Грузовик свернул с дороги и наткнулся на телеграфный столб с надписью «Добро пожаловать в Лурд». К счастью, слоновий хобот смягчил удар. Пьяница повернул грузовик и въехал в некое подобие города.
— Я ничтожество, — пробормотал он, сжав челюсти, — но я обещаю найти табачный ларек!
Глава третья
Джонатан курил сигарету, лежа на кровати. Грузовик стоял перед зданием почты, куда Канцлер направился в сопровождении Ангины в надежде наконец-то получить пенсию.
Рядом лежала куча старых открыток и писем. Он взял небольшую стопку. Везде отправители были разные, но адресат, что удивительно, — один: господин Сквозняк — 3412.
На обороте открытки, изображавшей белокурого малыша, сидящего на чем-то вроде трона, Джонатан прочел:
«Любезный друг, надеюсь, Вы позволите мне обратиться к Вам подобным образом, а не называть Вас сударыней или сударем, что чересчур витиевато; итак, любезный друг, спешу сообщить Вам, что я — Розель, одна из сестер Бабилас, и заодно передать Вам горячий привет. Хочу уведомить, что в тот день мы с моими одиннадцатью сестрами делали уроки в классной комнате, когда на пороге появился их Высочество.
— Дети мои, — сказал он, — то, что я поведаю, принесет вам и радость, и печаль. Одна из вас обрадуется, другая опечалится. У тебя, Розель, очень красивый почерк: нарежь двенадцать полосок бумаги и напиши на каждой какое-нибудь существительное. Сложи бумажки в корзину, а самая младшая, Розалинетта, будет их вытягивать по очереди.
Что же Вы думаете, мой друг, мне досталась радость, а Розальбе — печаль. Обнимаю. Розель».
Джонатан почесал в затылке и задумался над только что прочитанным текстом. Отложив его, он взялся за длинное письмо с расплывшимися от сырости буквами:
«Дорогой Сквозняк, как ты поживаешь? Как дела у несчастного Колибри? Тебе нездоровилось, и я буду рада, если ты сообщишь мне, что идешь на поправку, я ведь так люблю вас обоих. Передай привет от Пармской Фиалки Шоколадному Муссику, от Котика — двенадцатилетней девочке, той, помнишь, у которой был братик Ванечка, от Ромы и Машки — Хвое Туи, от мадемуазель Стрекозель — Бараньей Ножке, от Майи Неза — Ане и Мии, от Притока Дуная — Сплетенному Венку, от Подснежника — графине Босоножке, от Фьяметты — смешному Кукушонку в капюшоне, от Отпрыска — мисс Траль, от Электры и Провода — Барби и Кентавру, от Али Гатора — Адмиралу Футы-Нуты, от дедушки Хрена — внучке Фигушке…»

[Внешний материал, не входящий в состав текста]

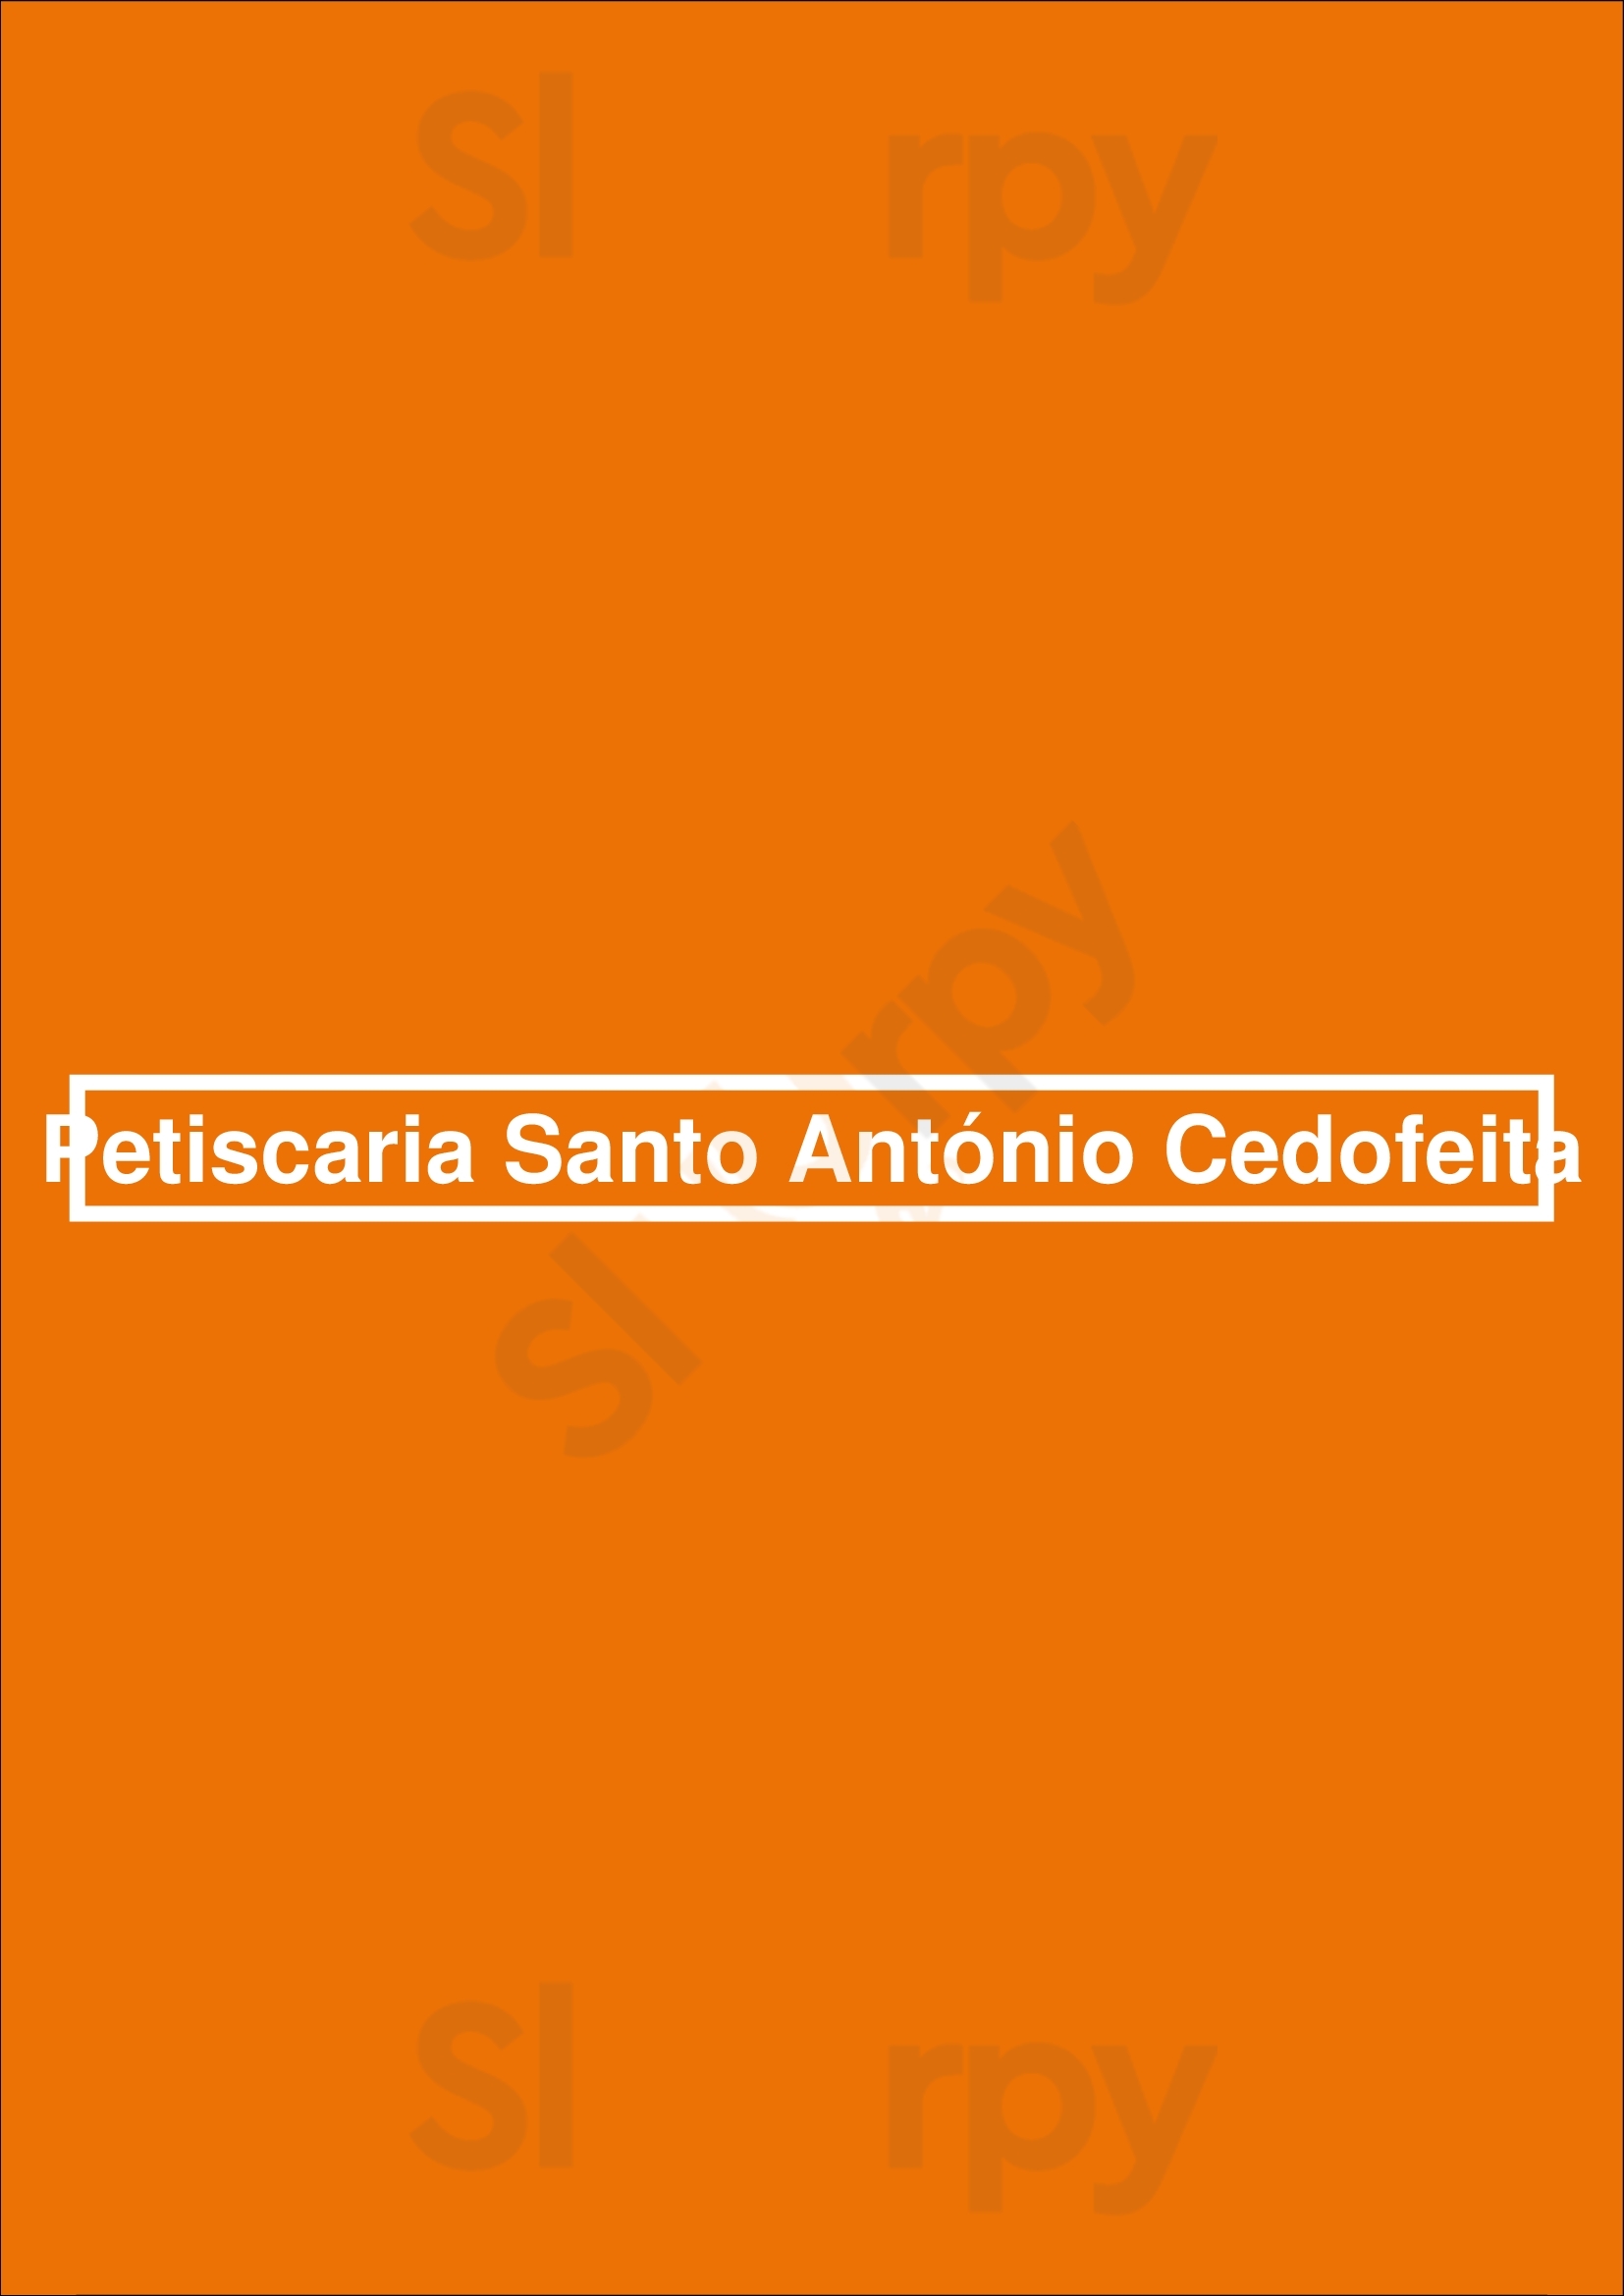 Petiscaria Santo António Cedofeita Porto Menu - 1

Джонатан решил на этом остановиться. Ему показалась, что соседняя открытка написана сравнительно недавно. На картинке сидящие в лодке юноша и девушка сжимали друг друга в объятьях, а на морской глади отражалась луна в форме сердца. Необычное послание на обороте предназначалось все тому же Сквозняку:
«Впервые целуем, любим, нежно обнимаем, выражаем дружеские чувства, помним, жмем руку, протестуем. Вера, Дуня Вениева, Марка Гашеная и Начинка Шоколадная».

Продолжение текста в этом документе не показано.